• [INFORMATION SUPPLIED]:
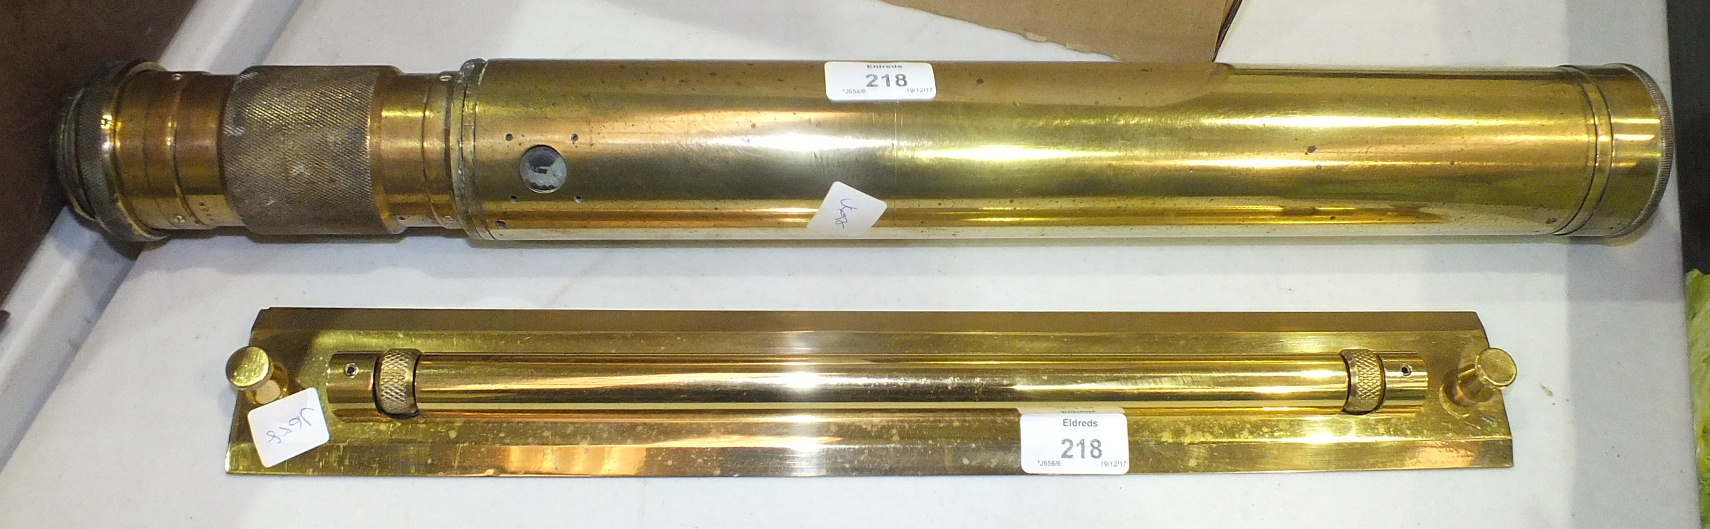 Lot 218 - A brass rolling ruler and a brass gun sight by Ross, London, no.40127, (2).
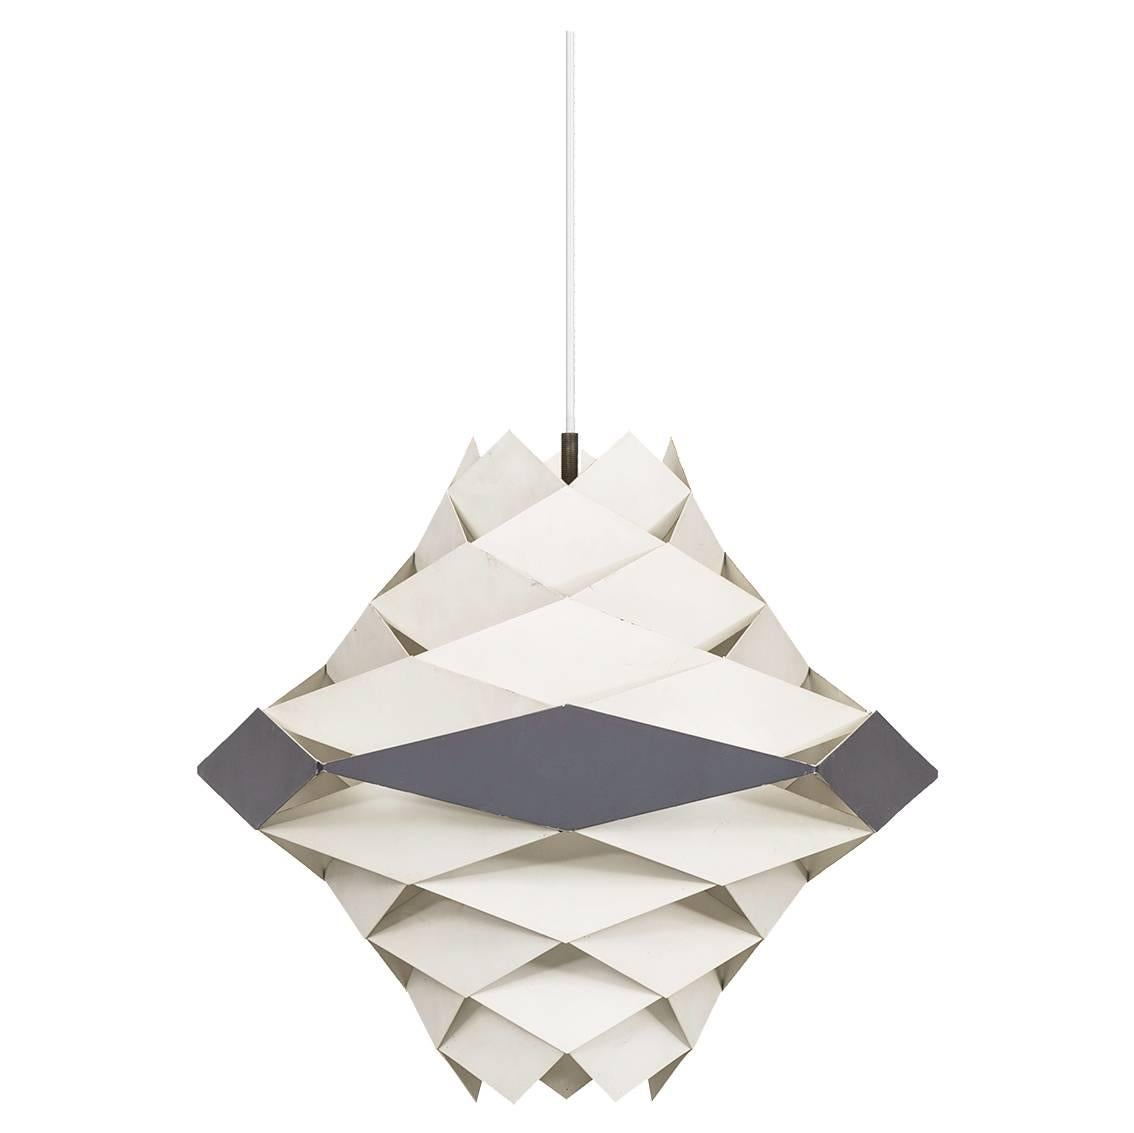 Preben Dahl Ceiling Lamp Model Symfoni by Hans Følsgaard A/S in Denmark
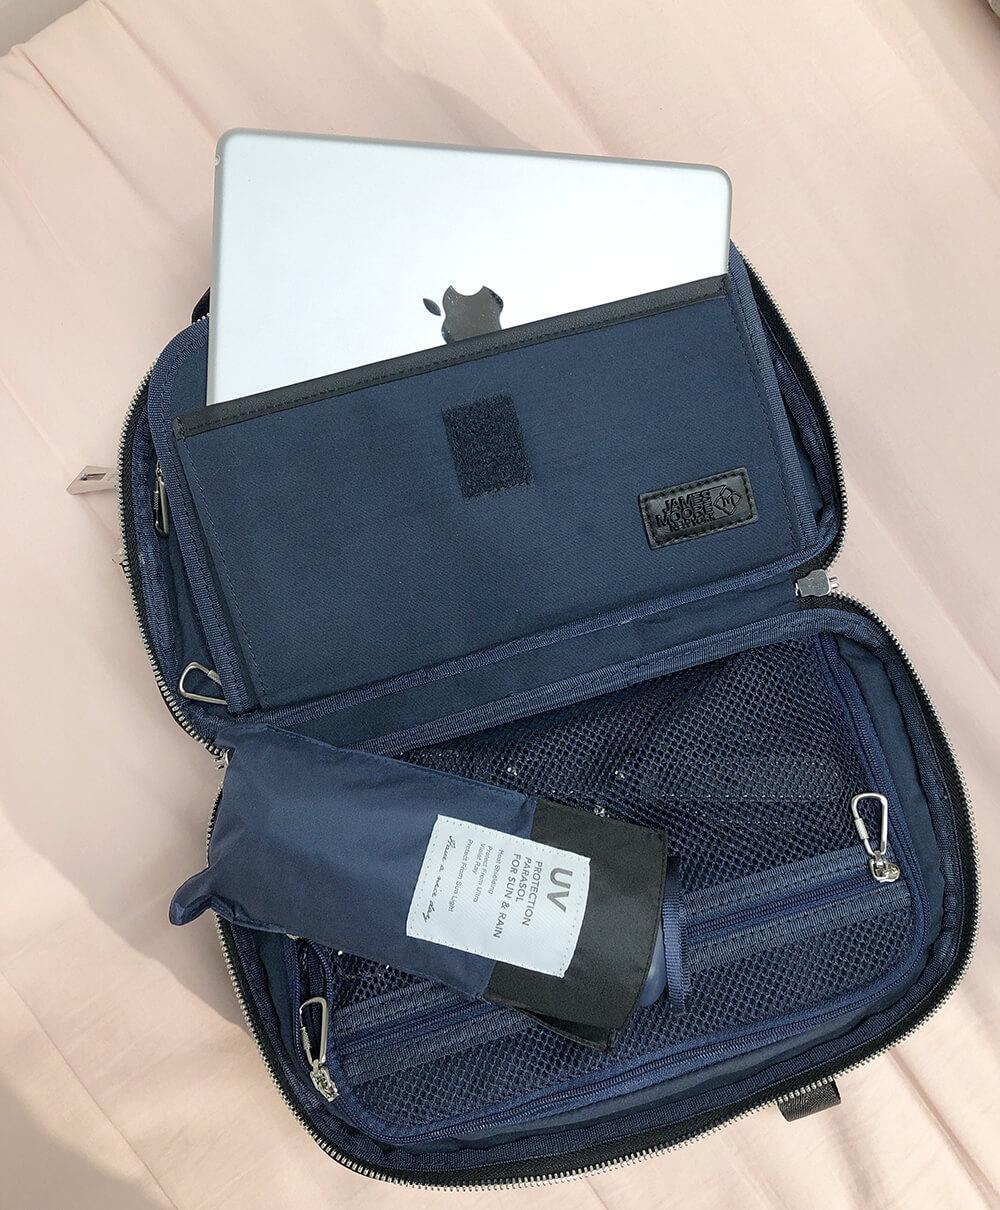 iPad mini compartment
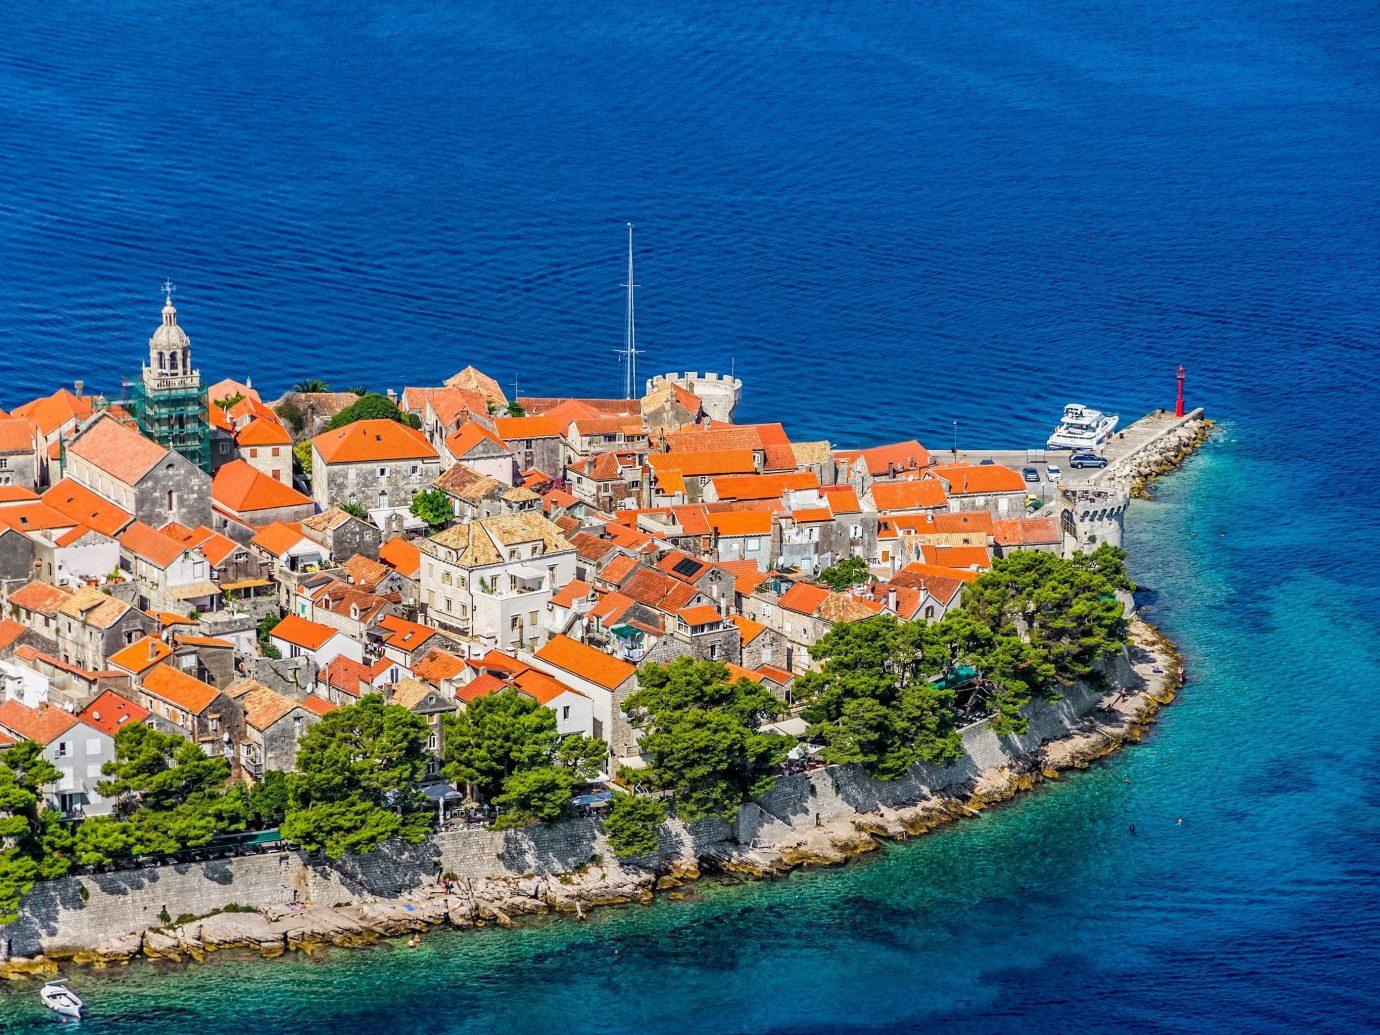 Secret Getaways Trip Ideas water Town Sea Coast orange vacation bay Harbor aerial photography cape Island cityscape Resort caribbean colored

• [WORK INSTRUCTIONS]:
The answer is the whole listing above, written out verbatim, without its pictures.

• [RESULT BELOW]:
 Lot 218 - A brass rolling ruler and a brass gun sight by Ross, London, no.40127, (2).
 Preben Dahl Ceiling Lamp Model Symfoni by Hans Følsgaard A/S in Denmark
 iPad mini compartment
 Secret Getaways Trip Ideas water Town Sea Coast orange vacation bay Harbor aerial photography cape Island cityscape Resort caribbean colored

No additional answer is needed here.